Give an exact copy of the data that follows, but none of its pictures.

Exercise data Start Marker

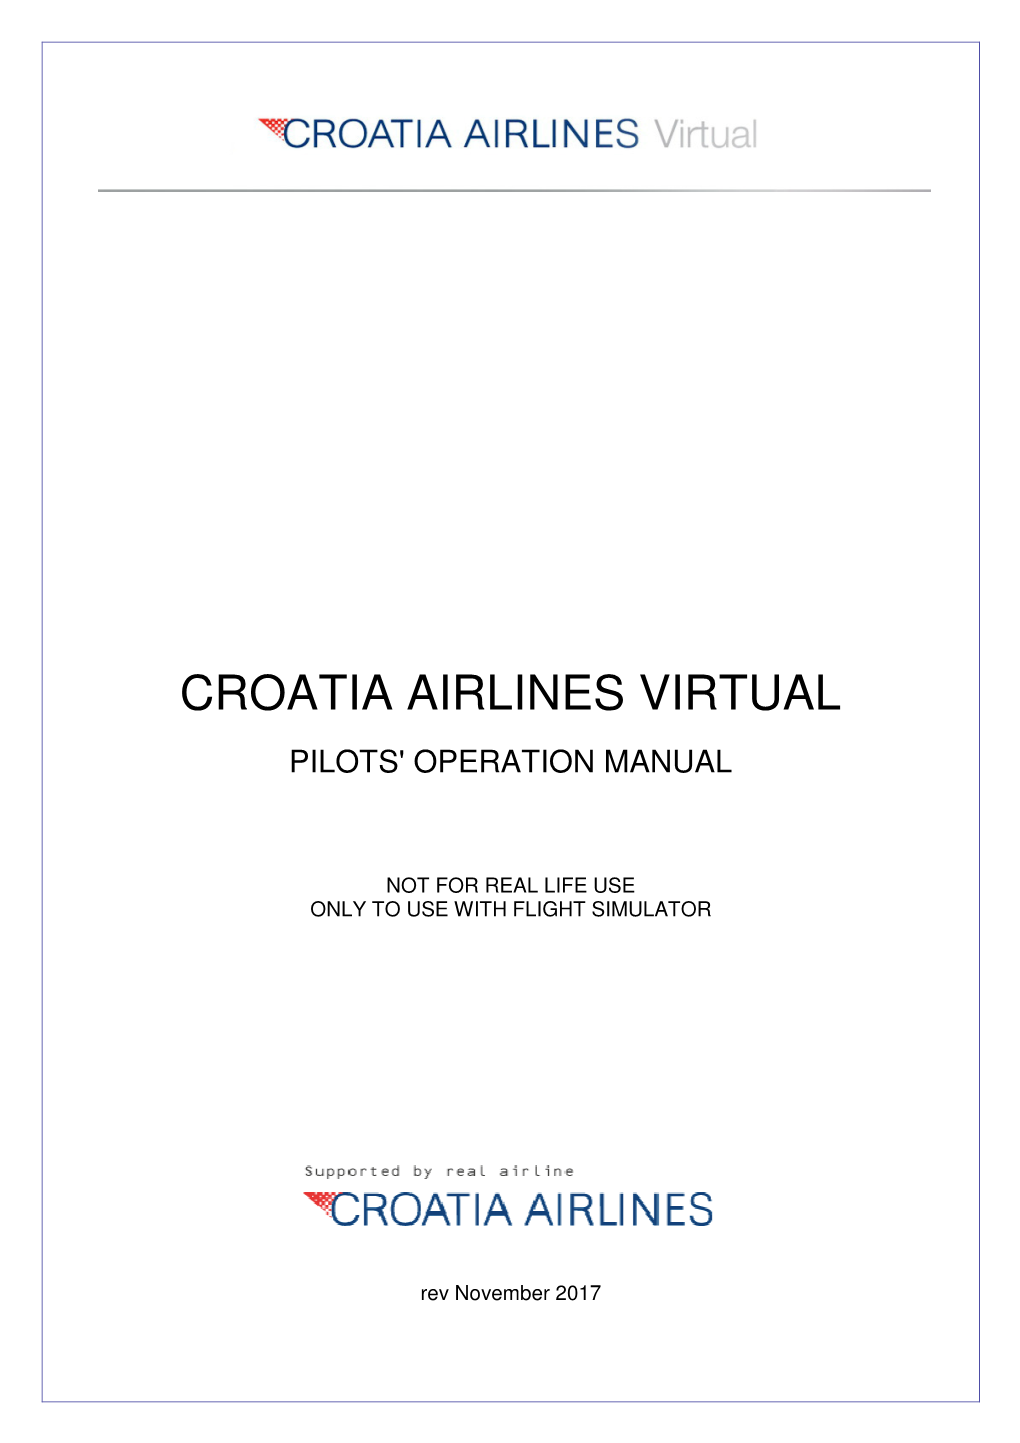 Virtual Airline Manual
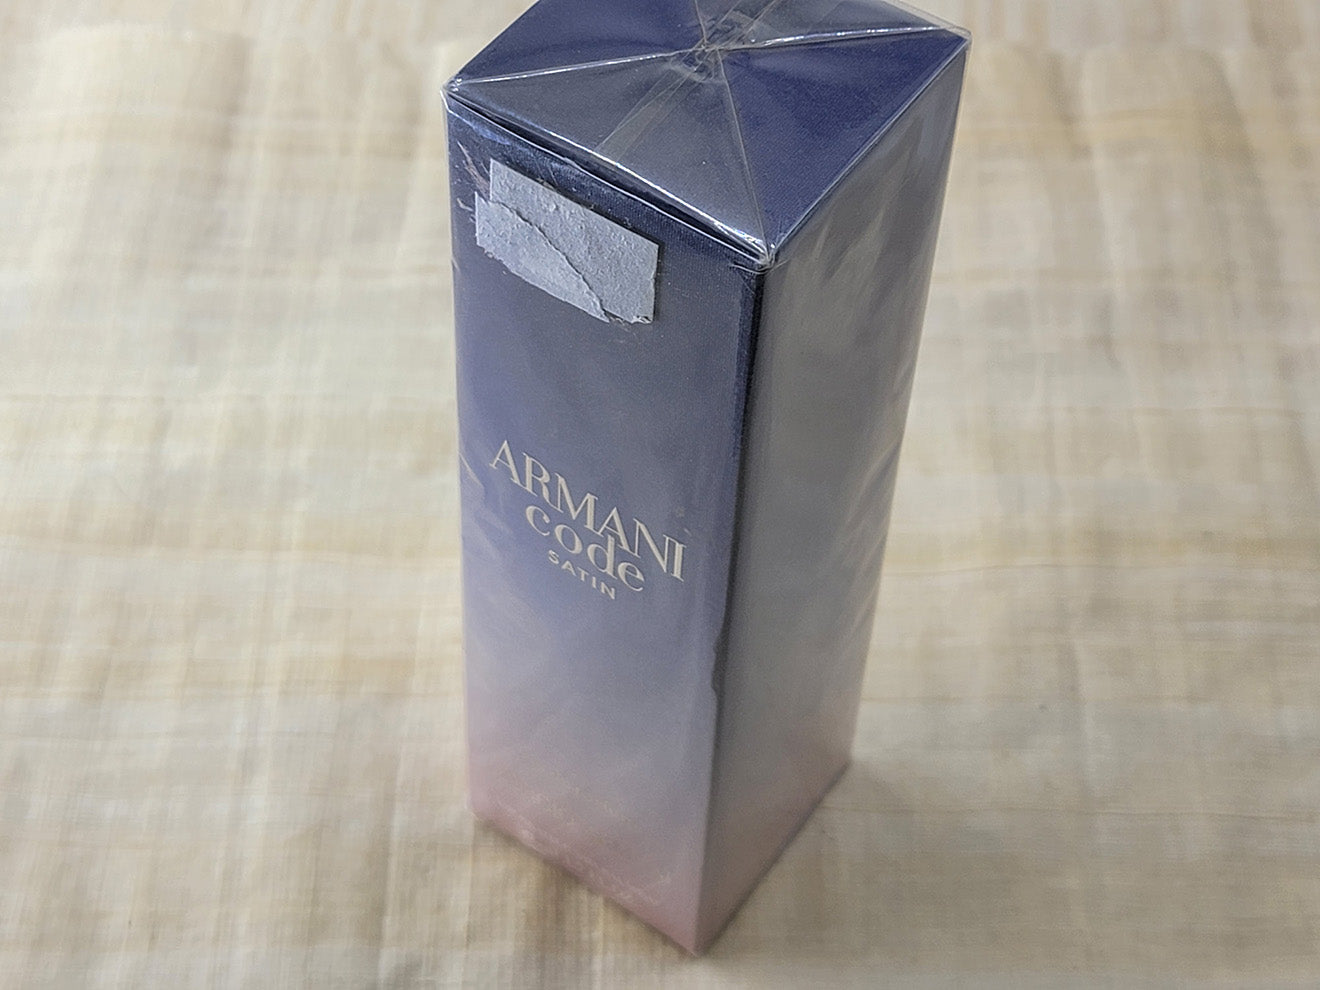 Armani Code Satin Giorgio Armani for women EDP Spray 50 ml 1.7 oz, Rare, Vintage, Sealed
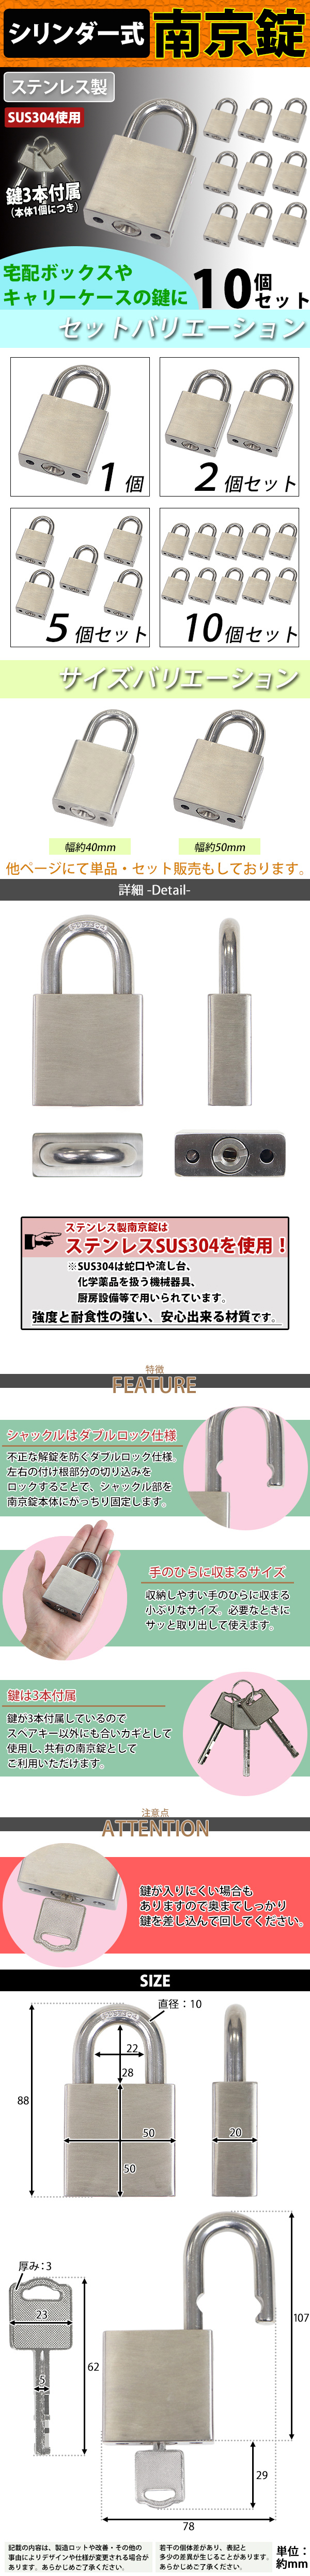 日本廉価送料無料 シリンダー式 ステンレス製 南京錠 幅約50mm 10個 シャックル径約10mm 鍵3本付属 SUS304 オールステンレス ステンレス シリンダー 鍵
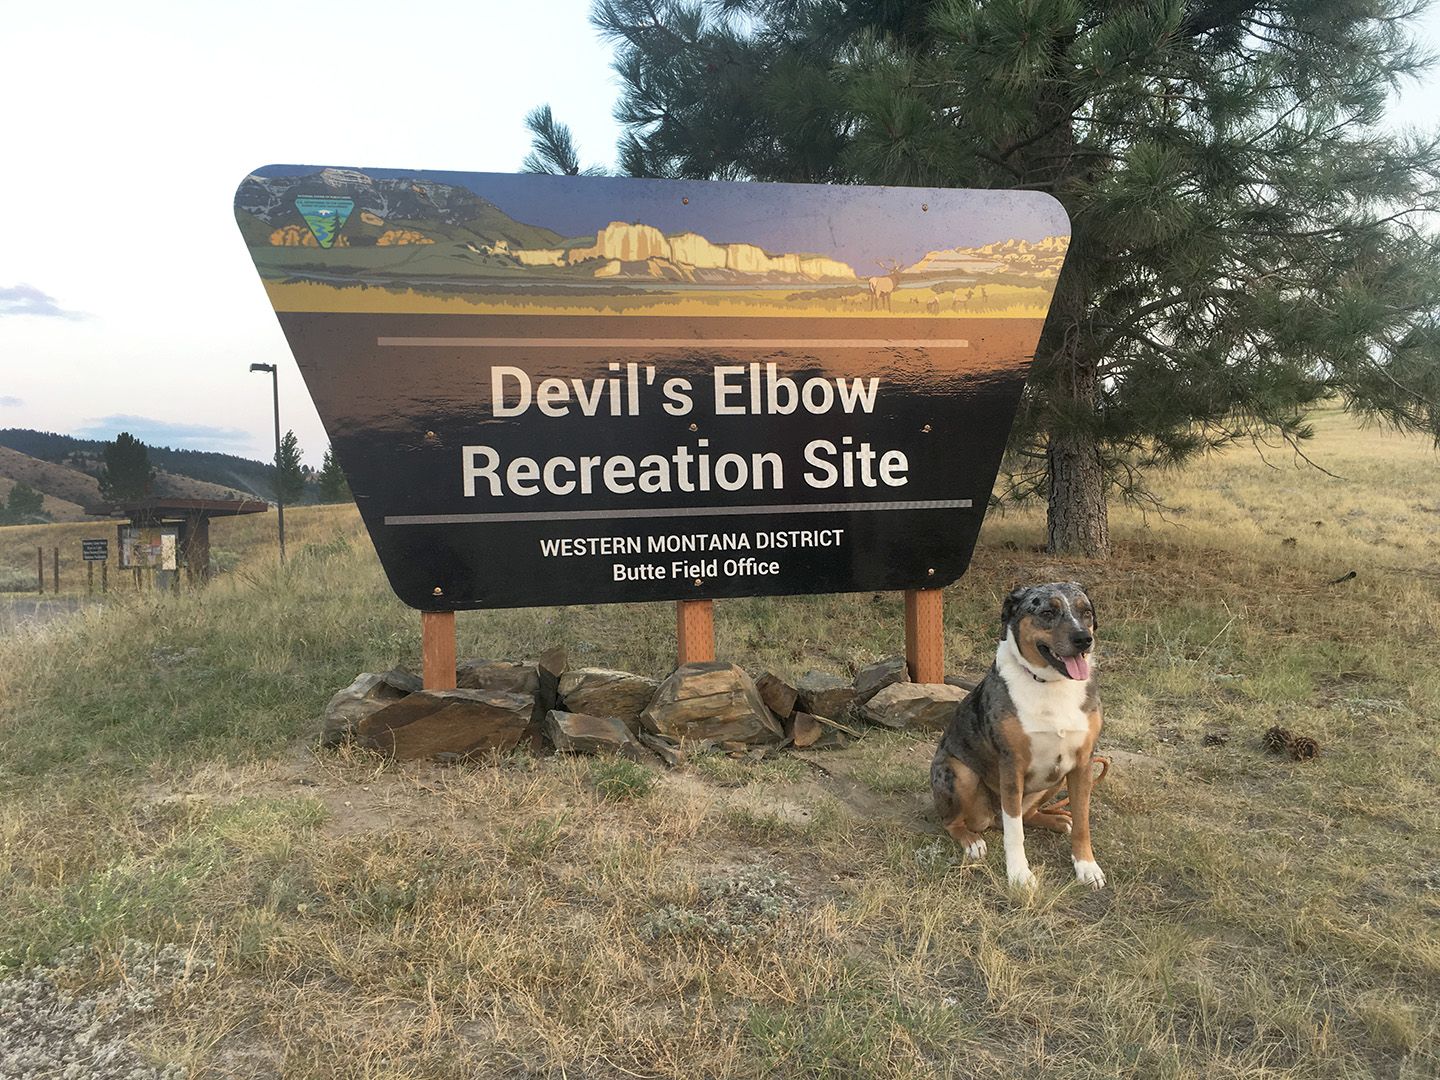 RV park review:  Devil's Elbow Recreation Site

Exercise data End Marker

» **Task response**:
 Virtual Airline Manual
 Armani Code Satin Giorgio Armani for women EDP Spray 50 ml 1.7 oz, Rare, Vintage, Sealed
 日本廉価送料無料 シリンダー式 ステンレス製 南京錠 幅約50mm 10個 シャックル径約10mm 鍵3本付属 SUS304 オールステンレス ステンレス シリンダー 鍵
 RV park review:  Devil's Elbow Recreation Site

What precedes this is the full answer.